Jenah Steefins—Staff Writer
Vladimir Putin secured his spot as the next First Mondays speaker. Billy Graham was scheduled to speak on May 7, but his recent death left the First Mondays committee scrambling. After putting out a plea for willing speakers on Twitter, they got a Direct Message from Putin himself.
“We couldn’t say no,” said Richard Dogood, president of the committee. “Saying no to Vladimir Putin is like eating the Commons’ seafood. You just don’t do it.”
The First Mondays Series “brings thinkers, writers and cultural leaders to Dordt College to discuss with the campus and broader community ideas that will stretch our imaginations, grow our understanding and help us re-form our world in God-honoring ways.” Although it is uncertain how Putin will tie in the “God-honoring” part, one can assume that our imaginations will be stretched to painful new levels.
Putin released a preview of the main points he will present during the speech. He intends to tie Kuyperian themes to politics, promoting his nation’s powerful nuclear weaponry and its ability to reach “every square inch of creation.” The committee who made the final decision to host Putin admits that they are skeptical of his intentions. But then again, it won’t be the first time they host a speaker with controversial views.

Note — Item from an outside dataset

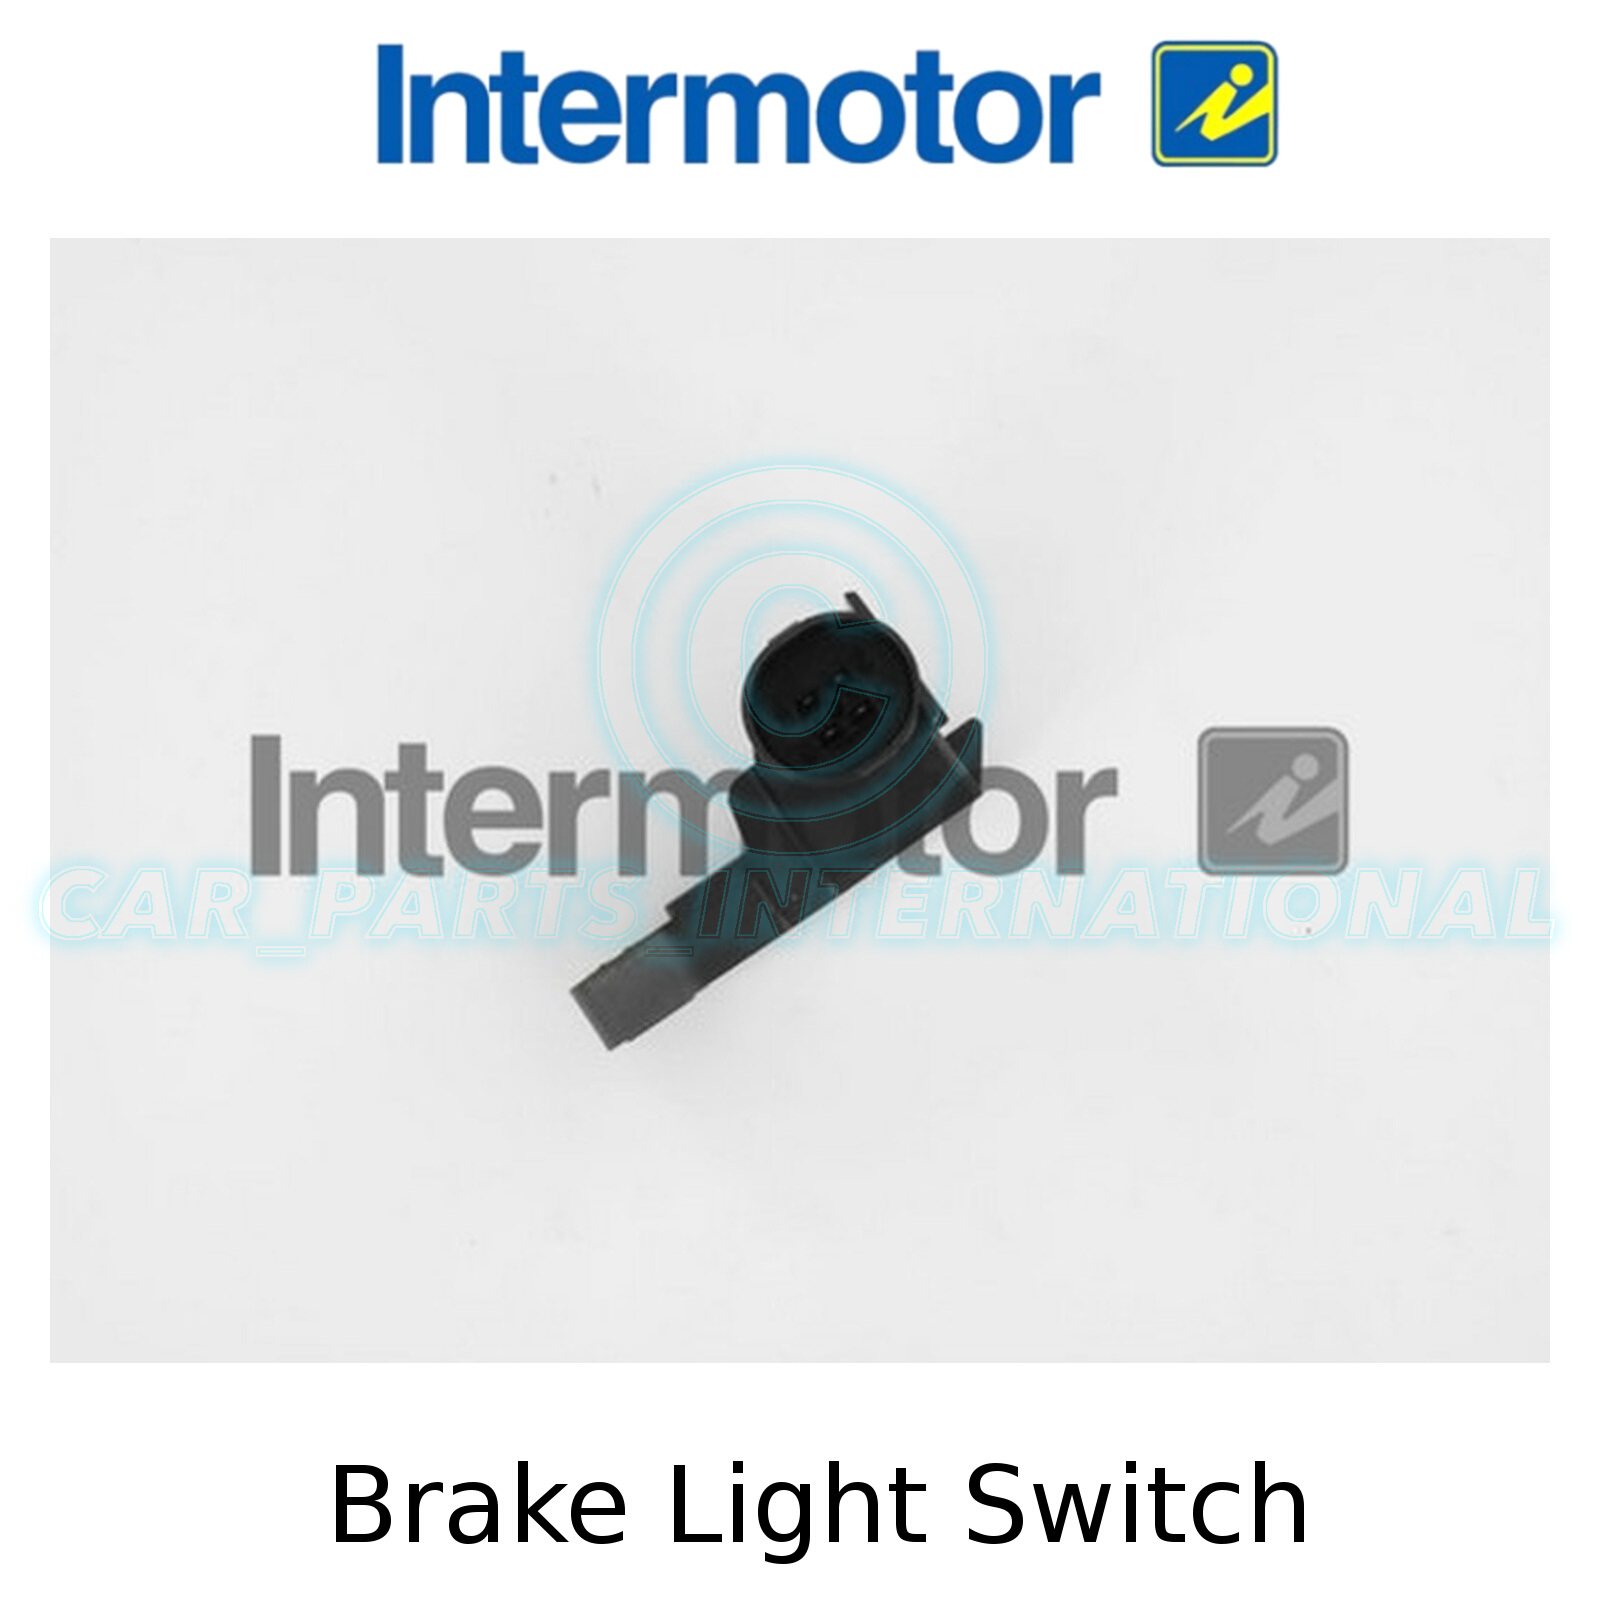 Genuine Intermotor Brake Light Switch 51810

Following Donald Trump’s presidential campaign visit two years ago, people thought the college had seen enough politics for a while. At one point during his speech, Trump said, “I could stand in the middle of 5th Avenue and shoot somebody, and I wouldn’t lose any voters.” This quote sparked controversy around the world, and Dordt College also received a bit of this publicity. But it was not the type of attention the college desired—rather, they prefer to flaunt the life out of other accomplishments. Did you know that the Wall Street Journal ranked Dordt College as “Number 1 in Student Engagement” two years in a row?
Rumors state that Trump intends to make a surprise visit during Putin’s stay at Dordt. The two have a complicated, love-hate relationship, and a Dordt walk might provide the perfect opportunity for them to figure it out.
“Just think of it—two world leaders establishing world peace right here in Sioux Center,” said Sophie Tremont. “It would be touching.”
Trump drew in huge crowds during his campaign visit, but Putin might attract even more. The college expects a record turnout of students who will finally find more value in attending First Mondays than taking a nap.